__RECORDED INFORMATION__
Content starts

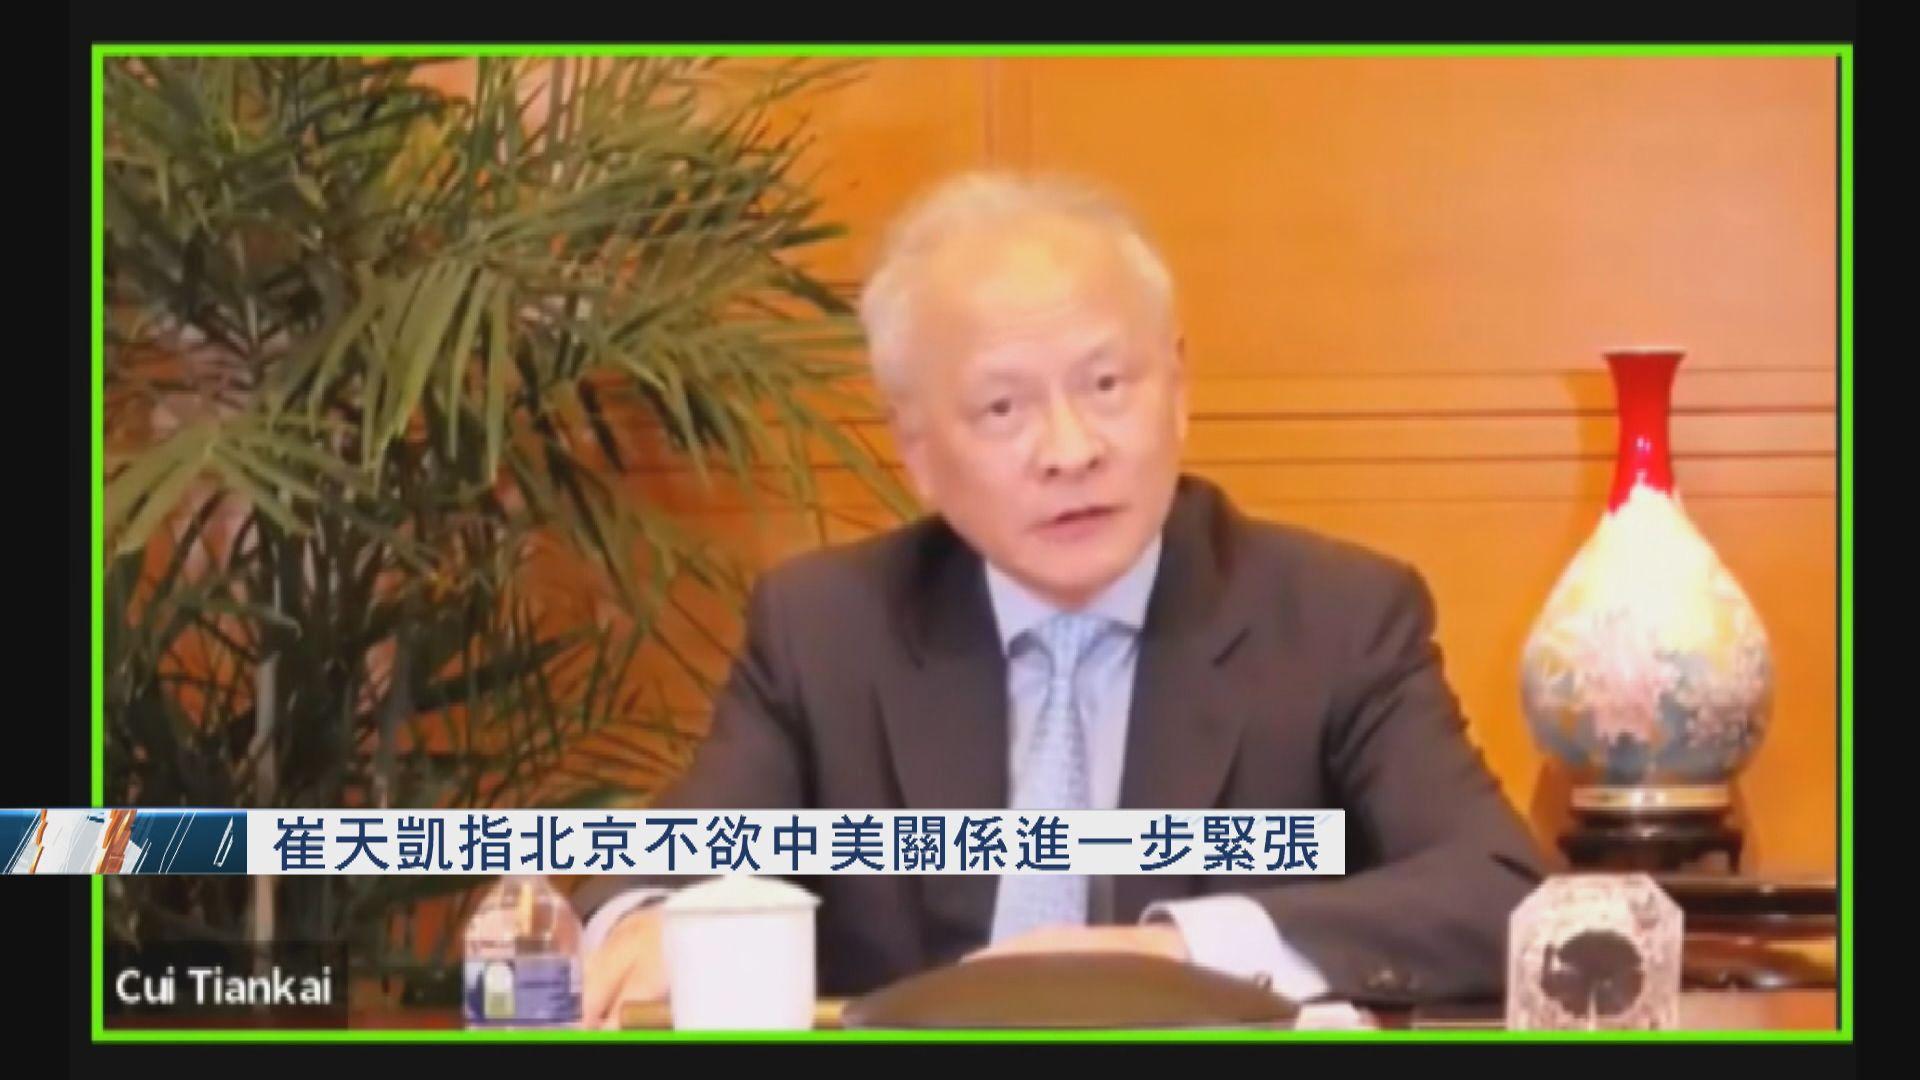 崔天凱指北京不欲中美關係進一步緊張
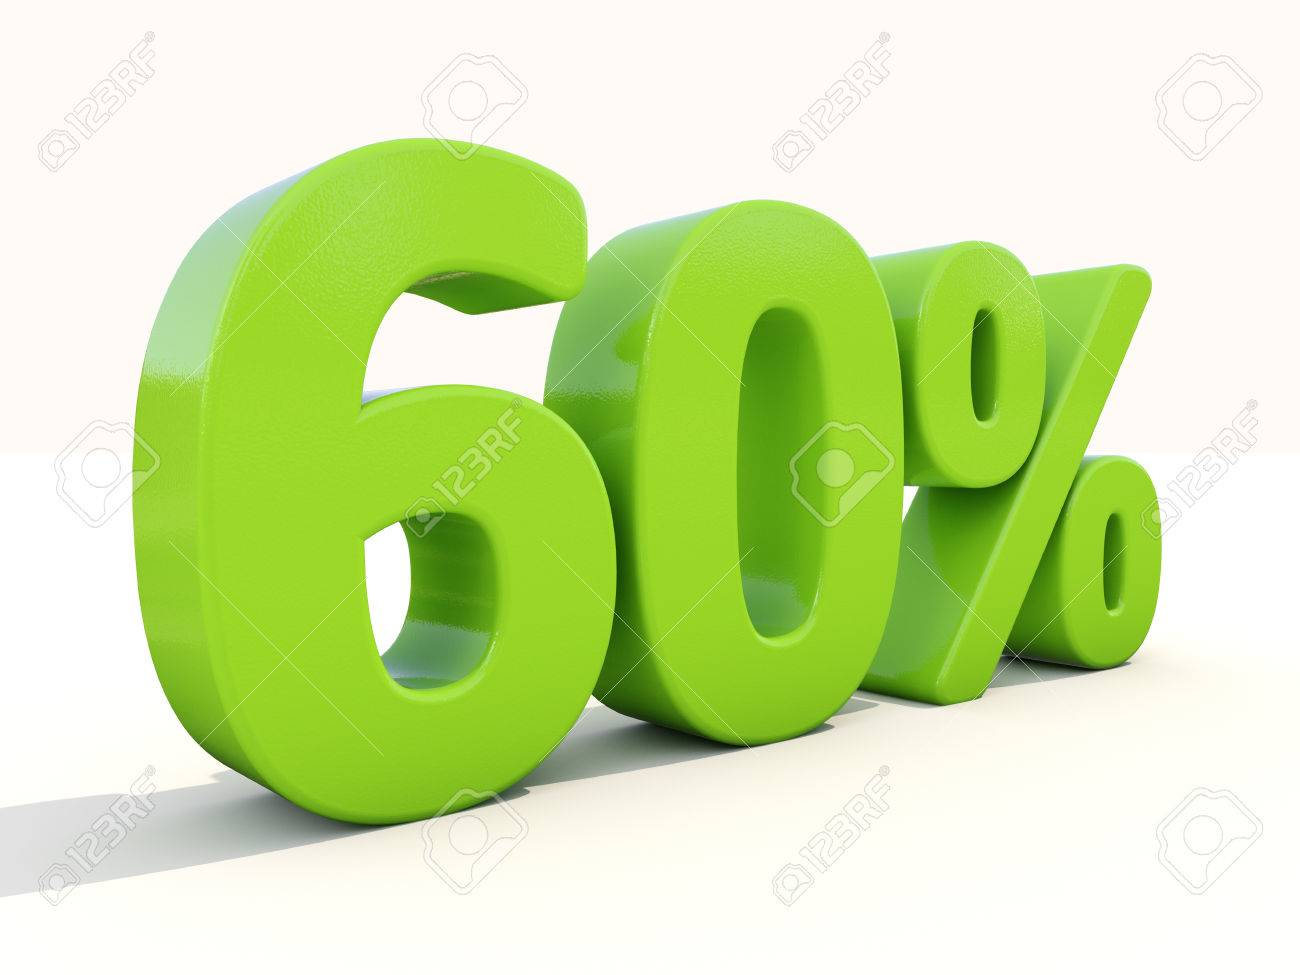 Sixty percent off. Discount 60%. 3D illustration. - 26102602
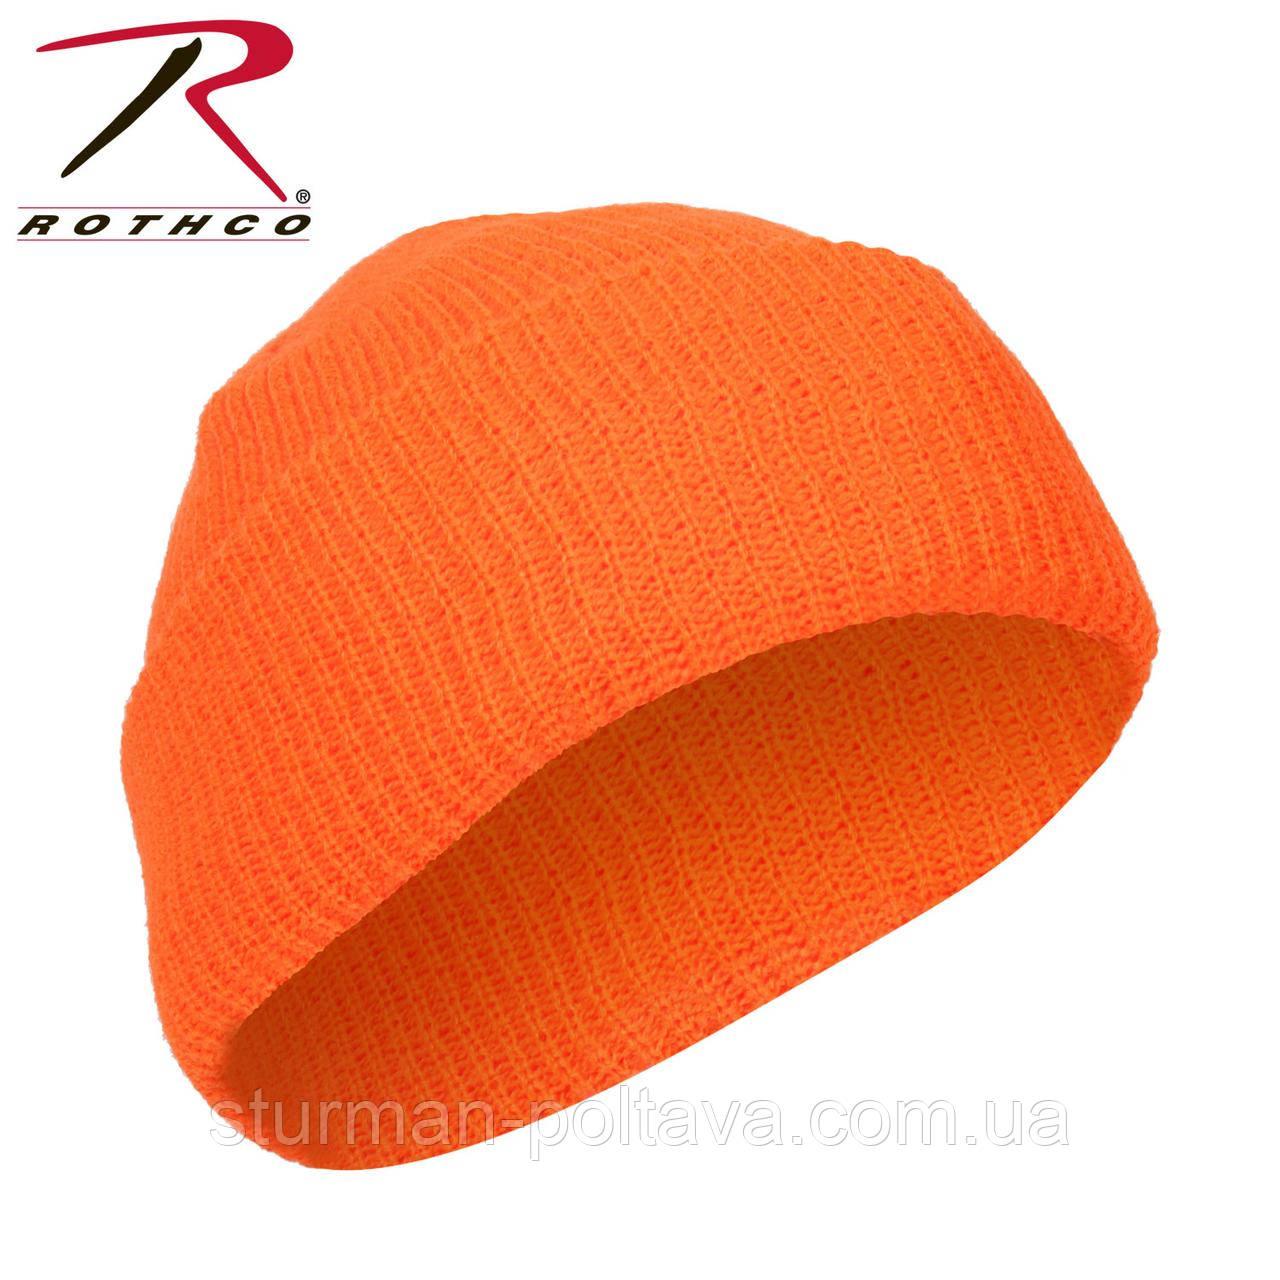 Шапка  мужская акриловая оранжевая для охоты  Deluxe Fine Knit  Rotcho  USA

Content ends

__WORK TASK__
Would you please give the material above again, unchanged but without pictures?

__RESPONSE BELOW__
 崔天凱指北京不欲中美關係進一步緊張
 Sixty percent off. Discount 60%. 3D illustration. - 26102602
 Шапка  мужская акриловая оранжевая для охоты  Deluxe Fine Knit  Rotcho  USA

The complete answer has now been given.